Sixteen-year-old innovator Mohammad Sayed decided that his wheelchair needed to be more useful.
Having previously designed and added an interchangeable laptop tray and canopy along with classmates for a school project, Sayed felt that the chair could use some more design modifications to make it easier to use. Taking the redesign one step further, he ended up rebuilding the wheelchair by changing the entire principle of how it works; the wheels, instead of being propelled by the traditional forward pushing motion, now work through a rowing motion that’s easier to maneuver and propel.
Sayed, a student at NuVu, an experimental high school in Cambridge, Massachusetts, was given a design problem that included his wheelchair. The young product designer and his friends used 3D printed parts to make the final installed components of the rowing wheelchair, with each costing no more than a couple of dollars and thus, making the whole project very affordable for others who previously may not have been able to move their own chairs but now can with the new rowing mechanism.
While Sayed’s 3D printed rowing mechanism is certainly among the more innovative ways of using a 3D printer to create modifications for an existing product, it’s not the first rowing wheelchair concept.

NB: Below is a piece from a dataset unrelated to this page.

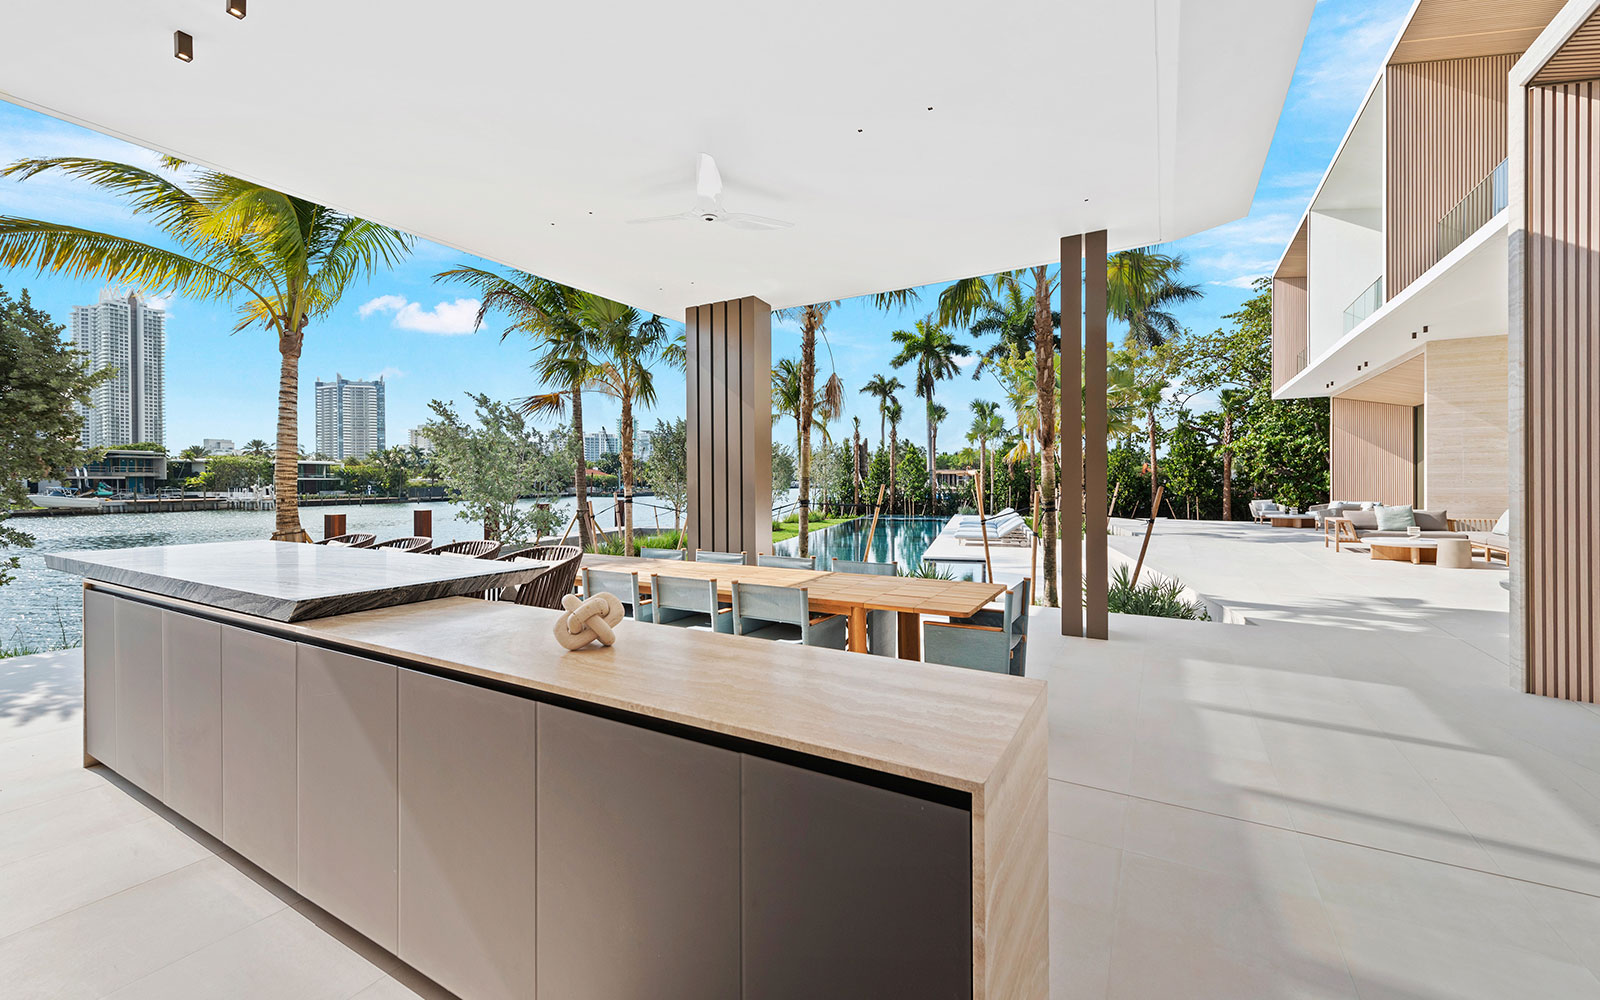 AquaBlue Sells One of Miami Beach’s Priciest Mansions for $63M

The first rowing wheelchair is suspected to be have been around since at least 1990 and has made a comeback of sorts after being reengineered by NASA engineer Salim Nasser’s for his Rowheels Project as well as another product called the GoGrit, which is designed for off-road use.

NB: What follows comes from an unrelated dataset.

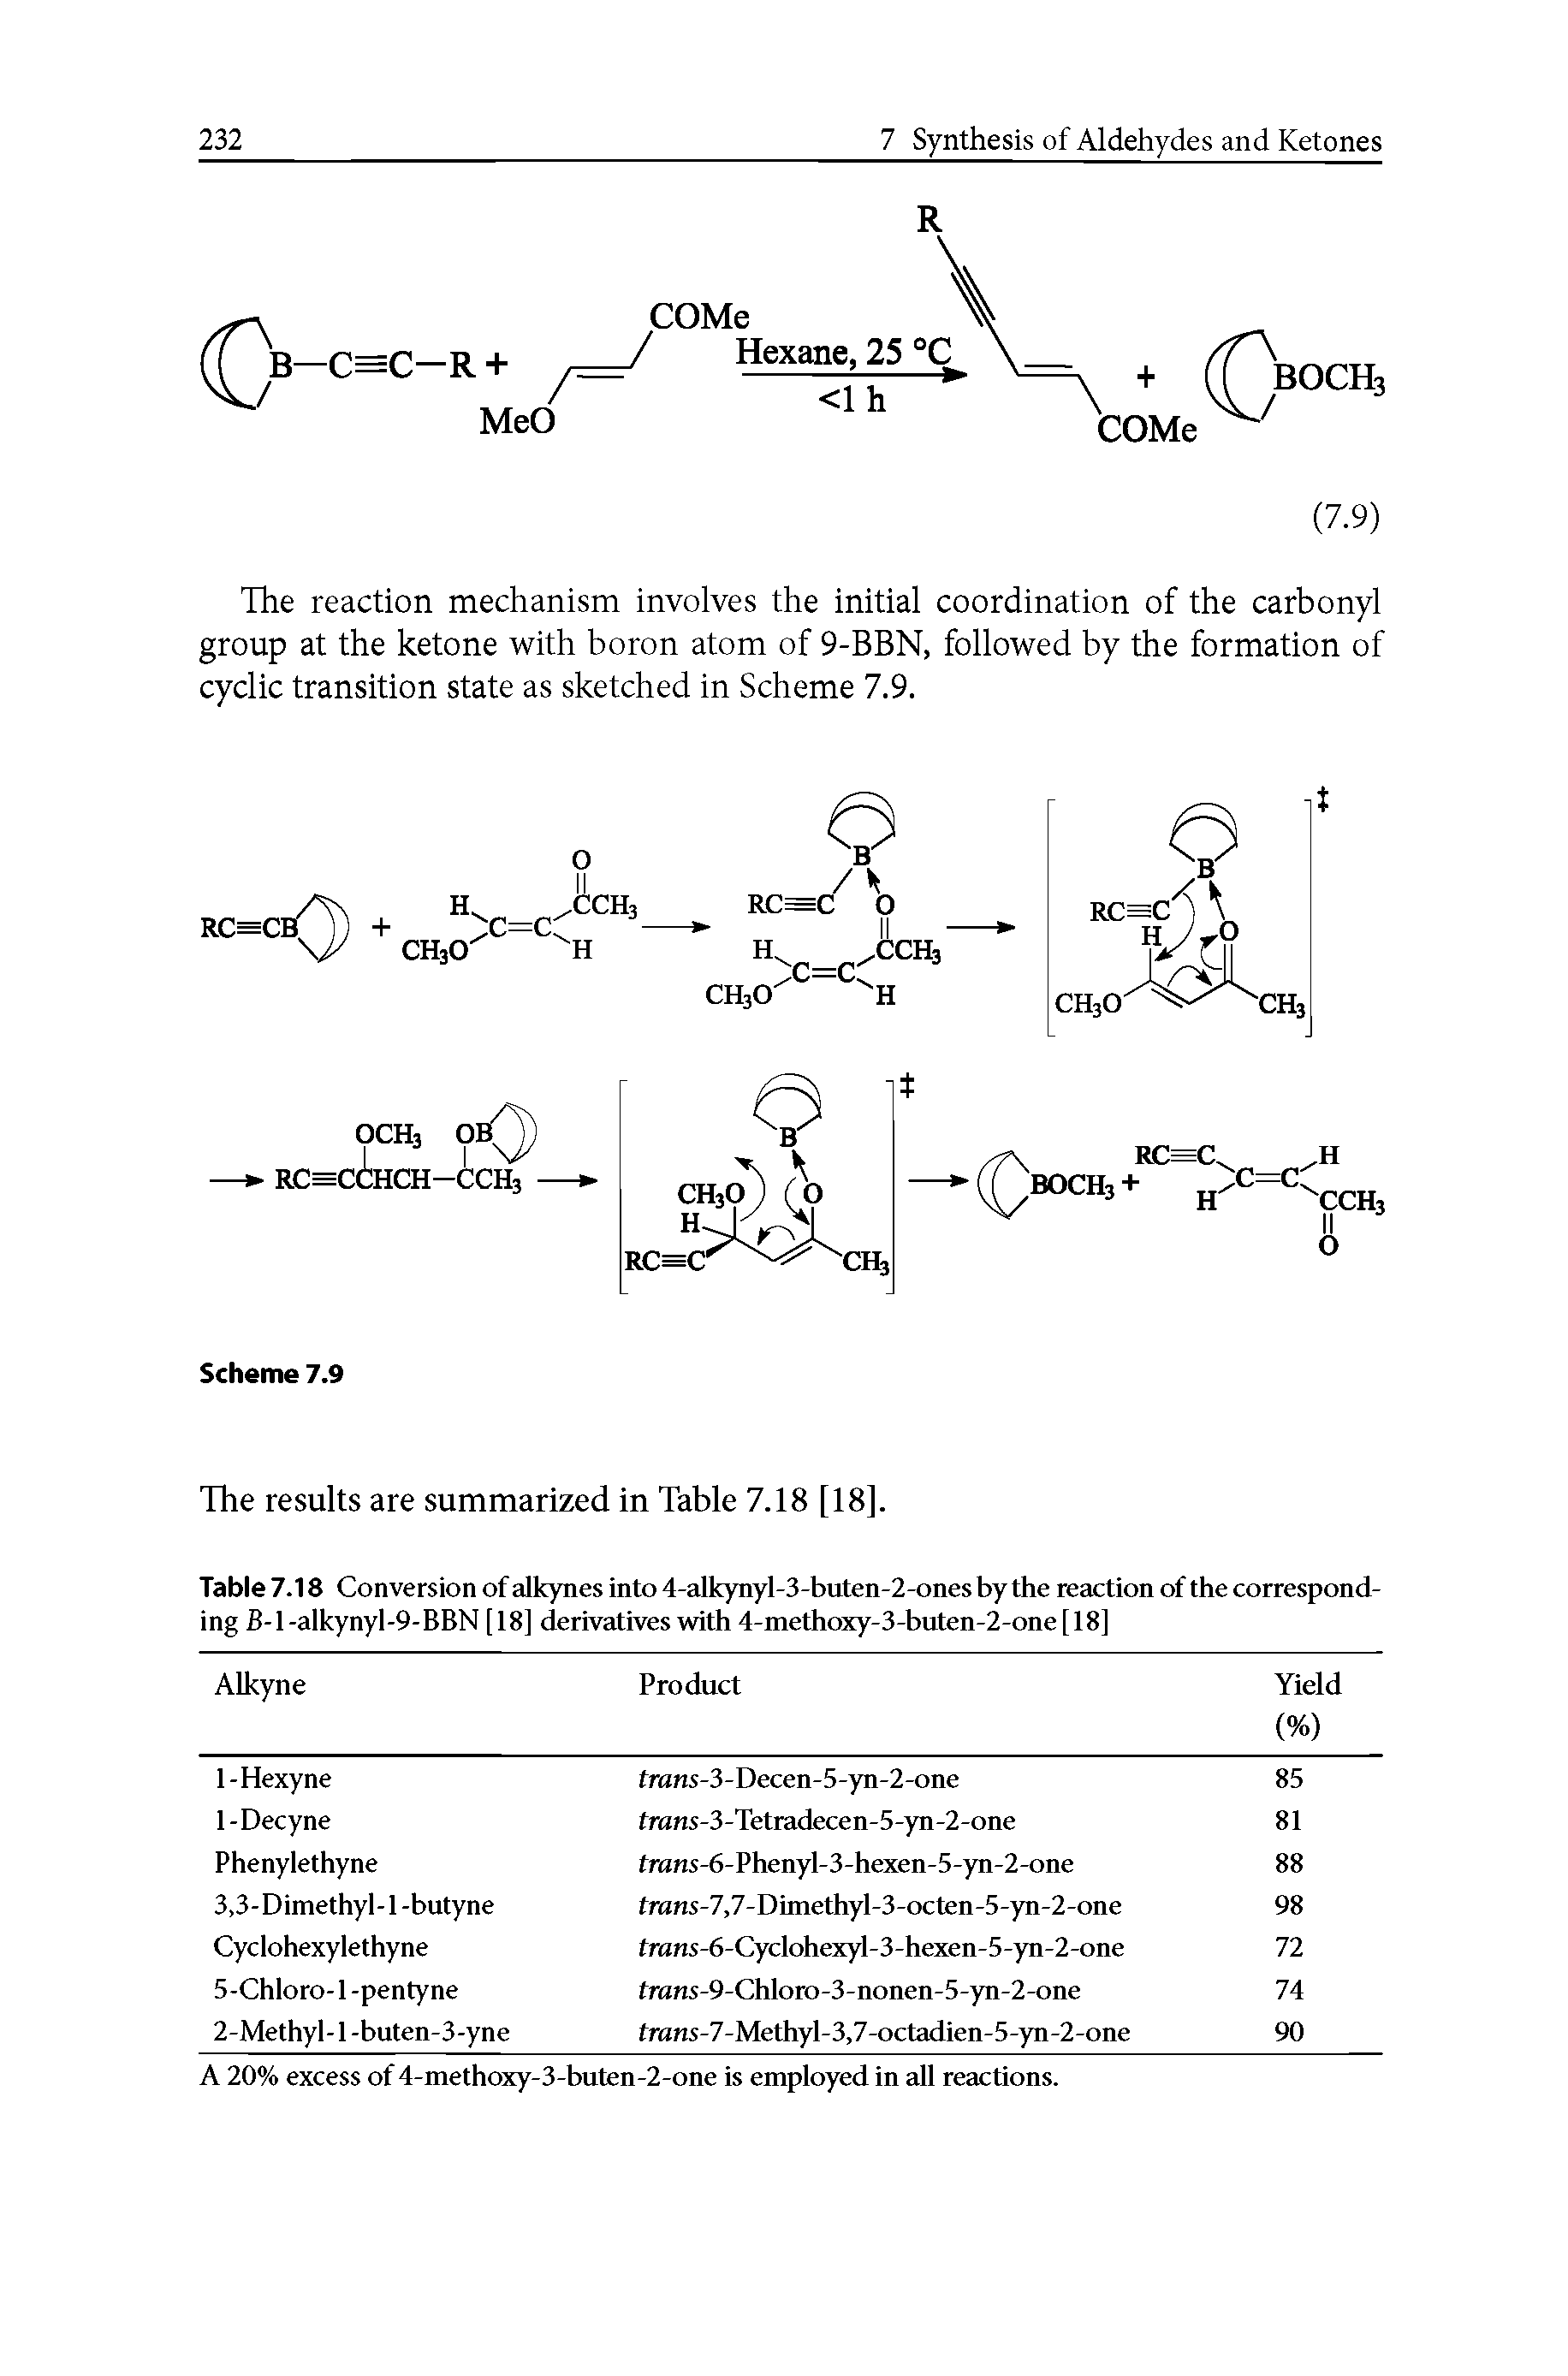 Table 7.18 Conversion of alkynes into 4-alkynyl-3-buten-2-ones by the reaction of the corresponding B-l-alkynyl-9-BBN [18] derivatives with 4-methoxy-3-buten-2-one[18]...

Sayed, who presented the chair to President Obama at the White House earlier this year, further explains how the rowing wheel design is beneficial for those who would actually depend on it:
“If you are someone with atrophy and the muscles you would use to push with your biceps are getting weaker, allowing for different types of movement could mean the difference between continuing in a manual wheelchair or being forced to convert to a power wheelchair”.
Needless to say, this kid’s got a bright future ahead of him.